Work to be completed: Would you please return the data below verbatim, without its pictures?

--- Dataset content Enclosed Below ---

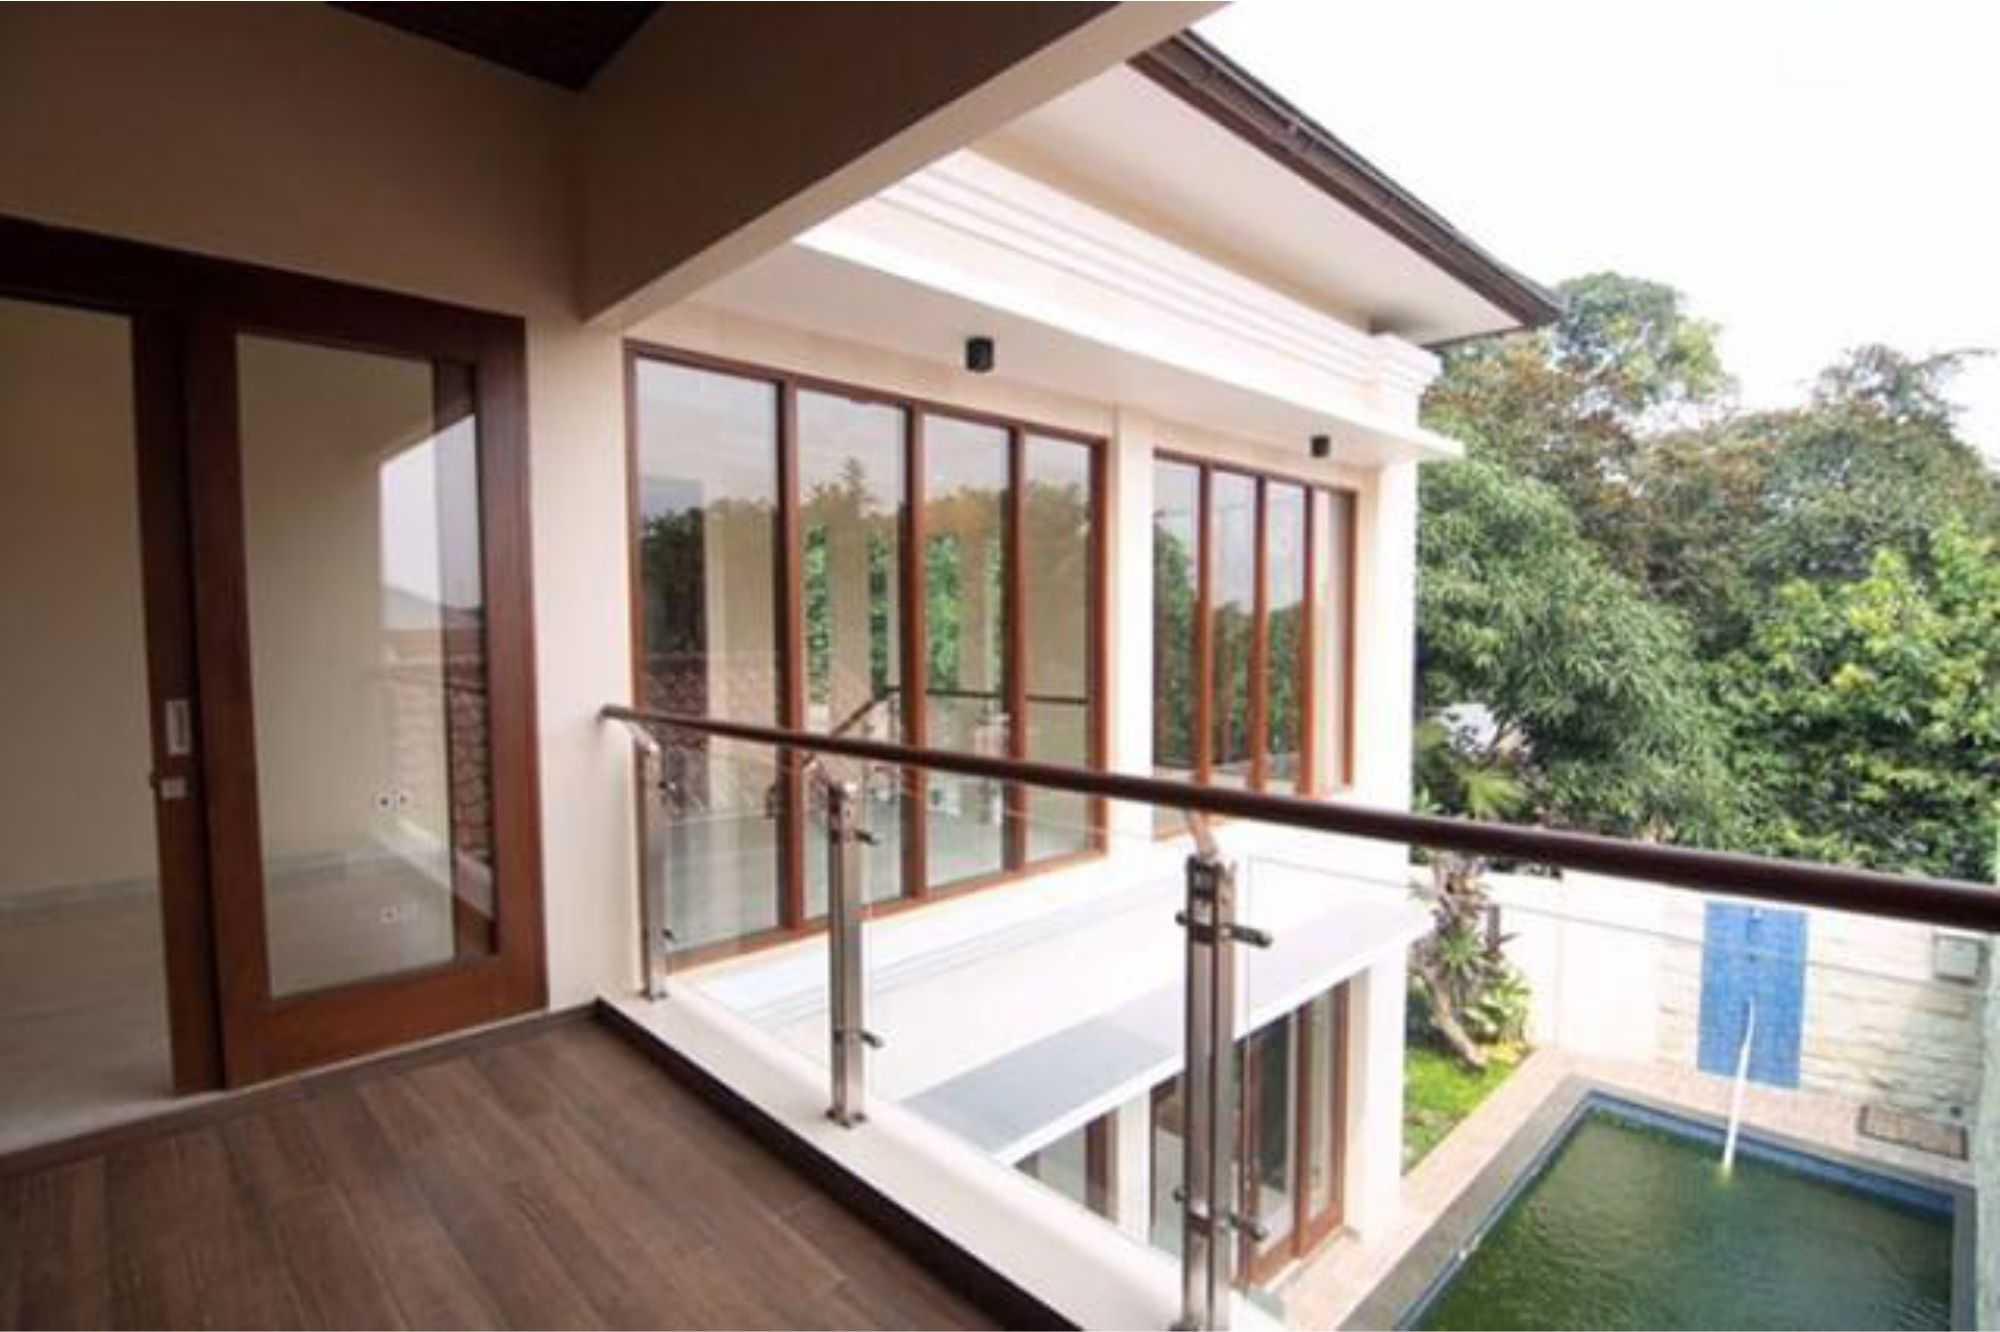 Emporio Architect Progress Konstruksi Rumah Villa Bali Tropis 385 @ Jakarta Jakarta, Daerah Khusus Ibukota Jakarta, Indonesia Jakarta, Daerah Khusus Ibukota Jakarta, Indonesia Emporio-Architect-Progress-Konstruksi-Rumah-Villa-Bali-Tropis-385-Jakarta  76584
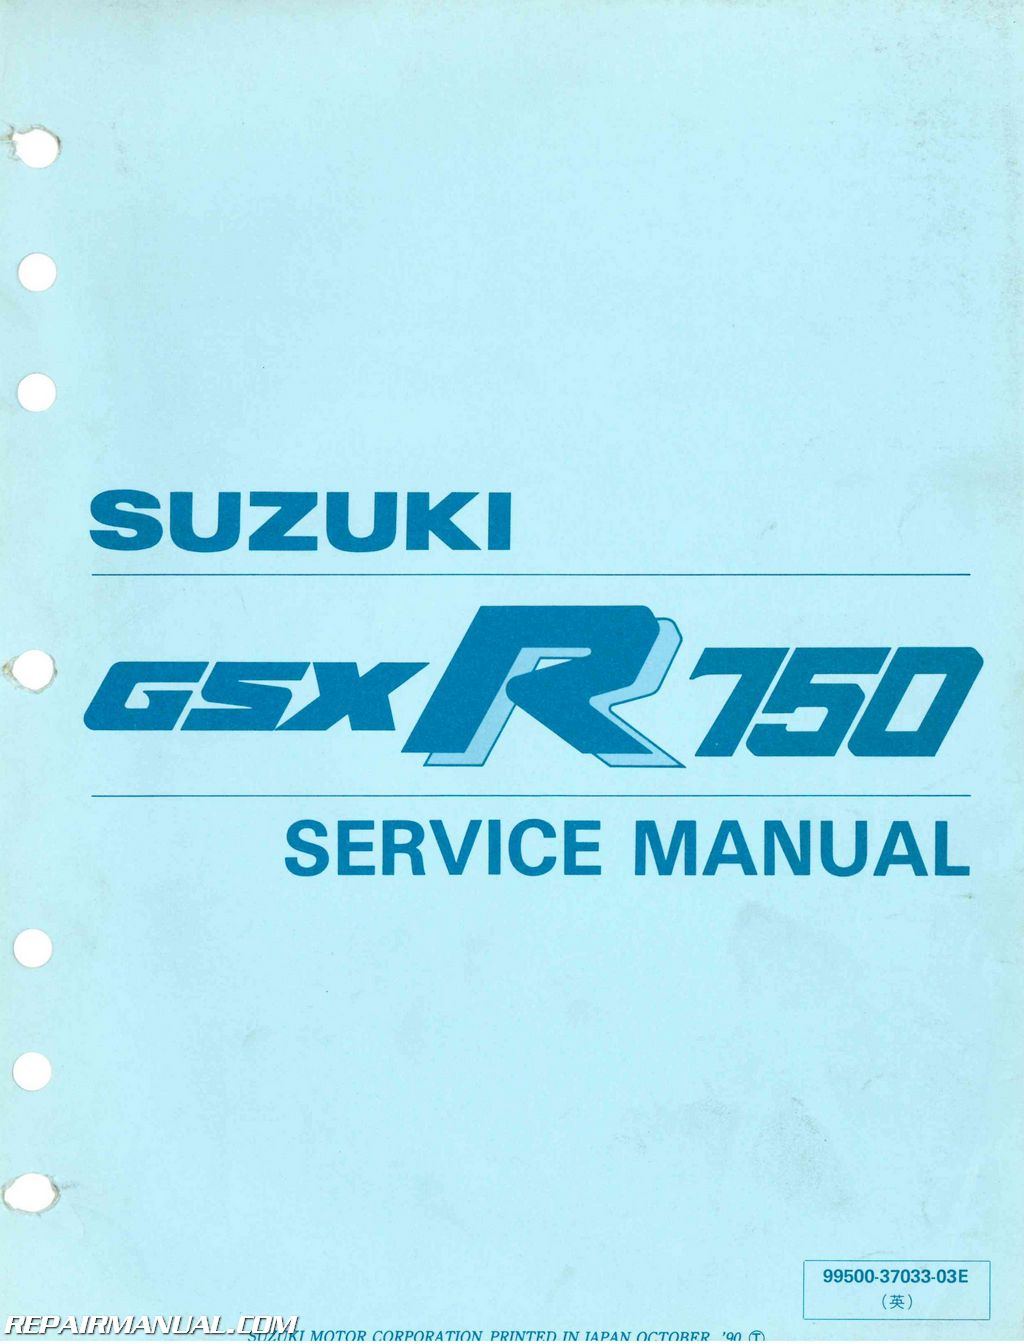 1986 1990 suzuki gsxr750 motorcycle service manual rh repairmanual com 2006 gsxr 750 service manual suzuki gsx 750 workshop manual
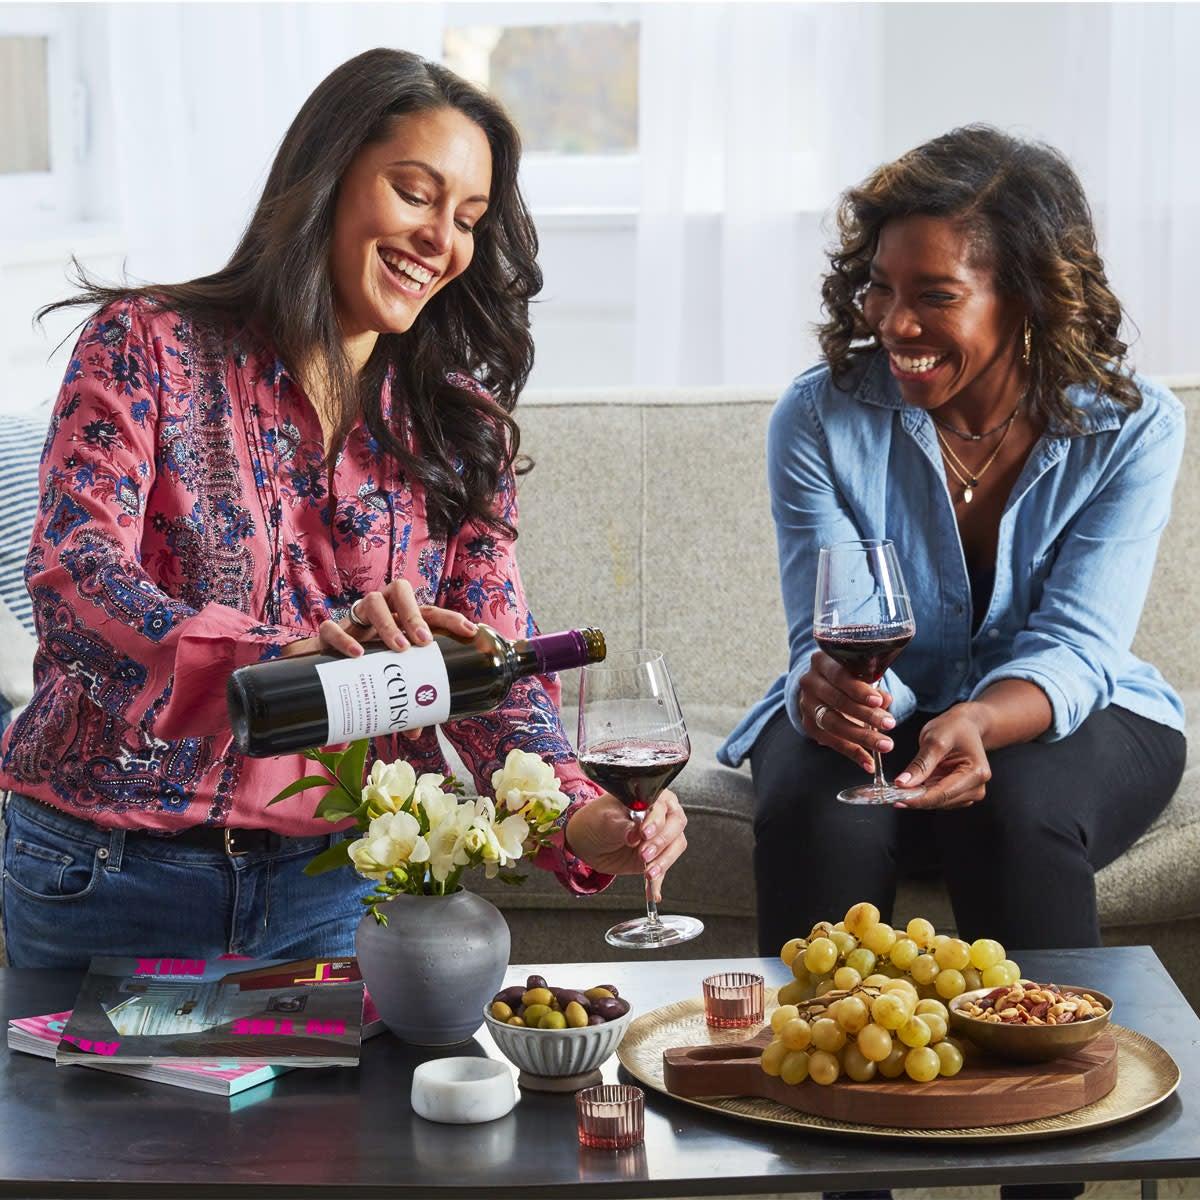 wine glass lifestyle image
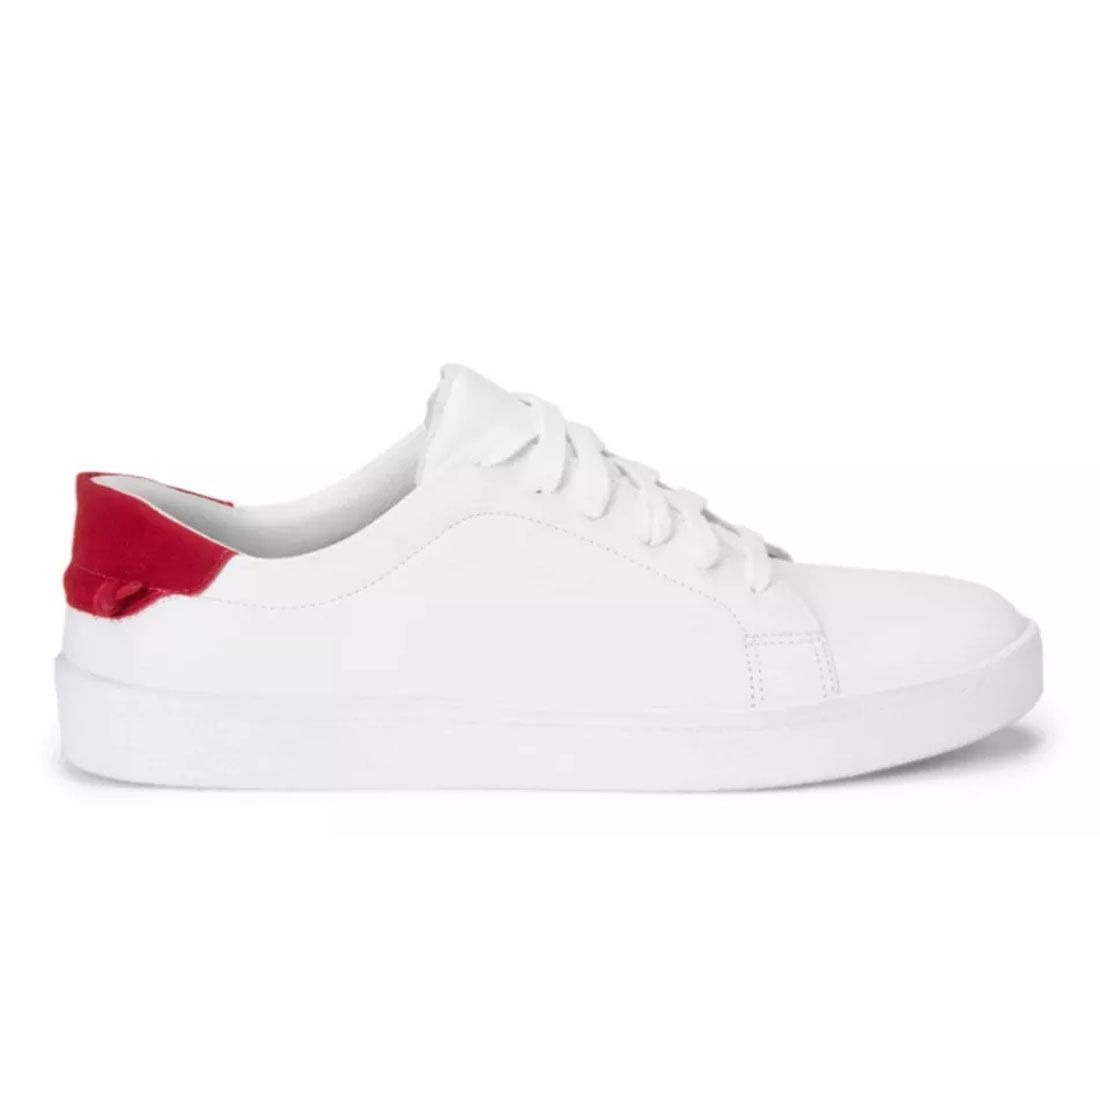 8451520eae tênis amaro recorte colorido vermelho   branco n 38. Carregando zoom.

--- End of Enclosed Dataset content ---

Exercise answer:
 Emporio Architect Progress Konstruksi Rumah Villa Bali Tropis 385 @ Jakarta Jakarta, Daerah Khusus Ibukota Jakarta, Indonesia Jakarta, Daerah Khusus Ibukota Jakarta, Indonesia Emporio-Architect-Progress-Konstruksi-Rumah-Villa-Bali-Tropis-385-Jakarta  76584
 1986 1990 suzuki gsxr750 motorcycle service manual rh repairmanual com 2006 gsxr 750 service manual suzuki gsx 750 workshop manual
 wine glass lifestyle image
 8451520eae tênis amaro recorte colorido vermelho   branco n 38. Carregando zoom.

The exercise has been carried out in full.